Correa Neto
Philosopher
- Joined
- Aug 4, 2003
- Messages
- 8,548
It seems to me that compairing sedation to being DEATOMIZED doesn't make any sense. Being sedated just means your brain is resting in particular places of consciousness. However since your brain never stops working you're still alive.
Being deatomized would mean in effect you're dead in any sense of the term. The fact you get put back together at some time in the future isn't relevant. You're still dead. Meaning your consciousness ends.
It seems to me your line of consciousness would be done with the second you're deatomized and the only possible way to have the same "line of consciousness" is if there is some abstract thing that monitors your consciousness apart from your body. Which would be of course supernatural. Which seems unlikely.

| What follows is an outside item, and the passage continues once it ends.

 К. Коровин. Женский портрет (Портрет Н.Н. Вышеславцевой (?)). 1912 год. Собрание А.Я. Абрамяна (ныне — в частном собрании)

For the purposes of the present discussion, does it really matter if your brain is still working at a low level of activity or was completely deconstructed? You are not consciouss when sedated, at coma or at a deep dreamless sleep. Your consiousness is inexistent at these states. Every night our selves cease to exist, only to (hopefully) reappear every new morning when we wake up. And yet, we experience our selves as being continous. From a materialistic view, one could say the sensation of continuity of a self is nothing but the integral of several discrete consiousness states.
As soon as the teletransporter builds a "new you" a consioussness or self will appear, since it is the product of several not yet fully understood brain functions. Not unlike when you awake in the morning. To the particular point of view of this "new you", there will be no difference, no apparent discontinuity. He/she will actually be you. And if copies are built, they all will be you.